The puff seems to have gone out of PUP, but The Greens are also not doing well.

There’s no single seat polling, but on this basis Newman would lose Ashgrove.

Mark will be writing a few articles during the election. He wrote this one for The Monthly. It’s an excellent read. He says it doesn’t really matter precisely why Queenslanders are facing a snap election.

We may be as ignorant as the several senior ministers who were relaxing on holidays when the premier’s office leaked the news of the impending campaign to the Courier-Mail. What we can infer is that far from the orderly progress towards a triumphant second term, the Queensland conservatives fear defeat.

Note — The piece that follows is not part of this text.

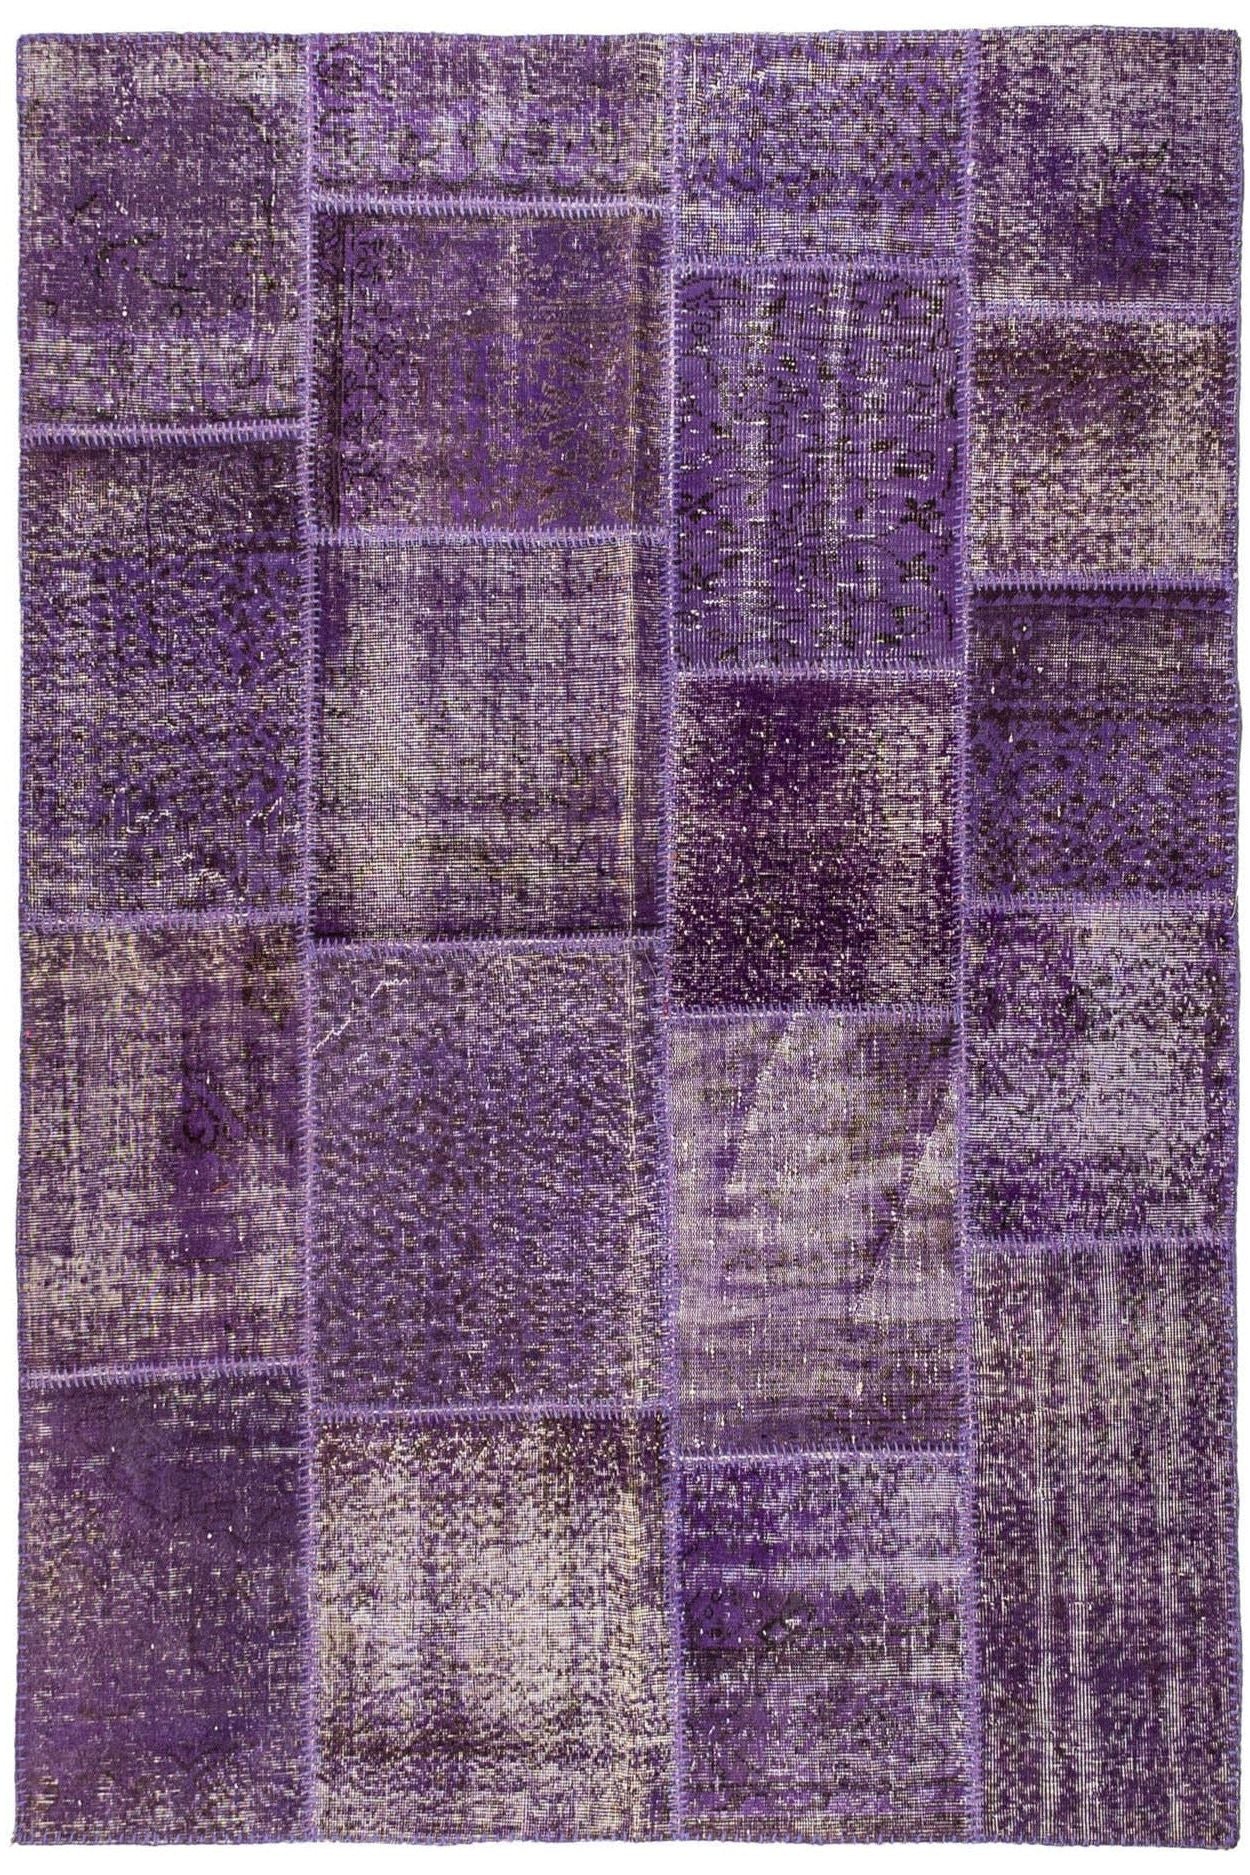 #Turkish_Carpets_Rugs# #Modern_Carpets# #Abrash_Carpets#Abrash-Bahrain-5855-170X240

In part, it’s a tribute to ALP leader Annastacia Palaszczuk and her (now) eight parliamentary Labor colleagues, who have refocused the shattered ALP, and held the government to account despite the very limited opportunities available to an Opposition in both a unicameral parliament and a state with a one-paper town as its capital.

But, even more so, it’s a commentary on how hard it is for right-wing parties to govern in Australia – or anywhere – in the mid 2010s. It’s hard for left-wing parties to govern, too, but that’s another story.

The LNP won in 2012 largely because it wasn’t Labor and promised an “adult”, “no surprises” approach. In policy terms it was a small target strategy.

Holding an electoral coalition together in government, and governing cohesively and in the public interest, rather than throwing raw steak to the dogs of the “base” and the conservatariat, though: that’s a different, and more difficult game.

Campbell Newman won, not by projecting an ideological face, but the exact opposite. Yet he leads a government that seems obsessed with humiliating its enemies, with starting fights, with indulging in flights of fancy, such as removing the requirement for water fluoridation and dressing imprisoned bikies in pink jumpsuits. The government disdained both evidence and consultation as it careered from crisis to crisis, and from absurdity to absurdity. Unemployment has surged, jobs have disappeared, and the economy tastes increasingly sour.

This week it looks as though we are going to get some policies. Labor is going to reduce the ministry from 19 to 14 to save $27 million.

The LNP has announced plans to support apprenticeship training to the tune of $91 million.